US Secret Service boss resigns over Trump shooting failures
US Secret Service director Kim Cheatle has resigned from her position as head of the agency following an assassination attempt on former President Donald Trump.
She had faced calls from both Democrats and Republicans to step down after a contentious House committee hearing on Monday about the incident.
Lawmakers became increasingly frustrated when she refused to answer questions about the shooting at Trump’s campaign rally in Butler, Pennsylvania earlier this month.
“As your director, I take full responsibility for the security lapse,” she said in a resignation letter to agency staff on Tuesday.
Ms Cheatle said she has always “put the needs of the agency first” and it is “with a heavy heart” that she made her decision.

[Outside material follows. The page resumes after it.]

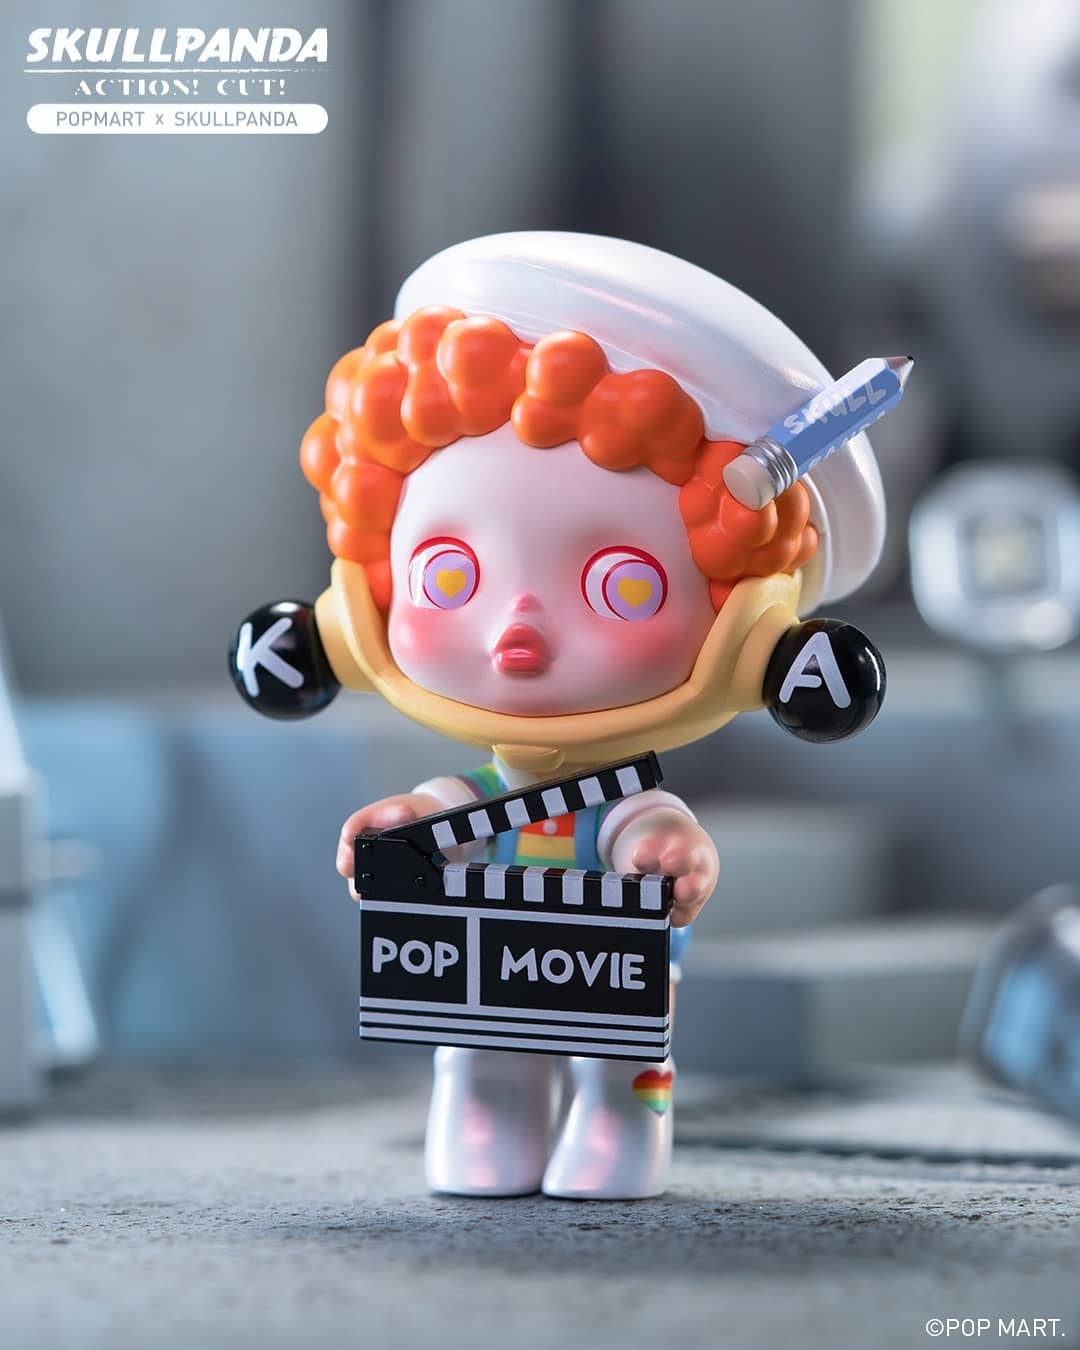 Toy figurine from Action Cut! Blind Box Series by Skull Panda holding a clapper board.

“The scrutiny over the last week has been intense and will continue to remain as our operational tempo increases,” she said in the letter.
“I do not want my calls for resignation to be a distraction from the great work each and every one of you do towards our vital mission.”
President Joe Biden said in a statement that he’s grateful for her decades of public service.
“The independent review to get to the bottom of what happened on July 13 continues, and I look forward to assessing its conclusions. We all know what happened that day can never happen again,” he said.
Mr Biden said he will appoint a new director soon.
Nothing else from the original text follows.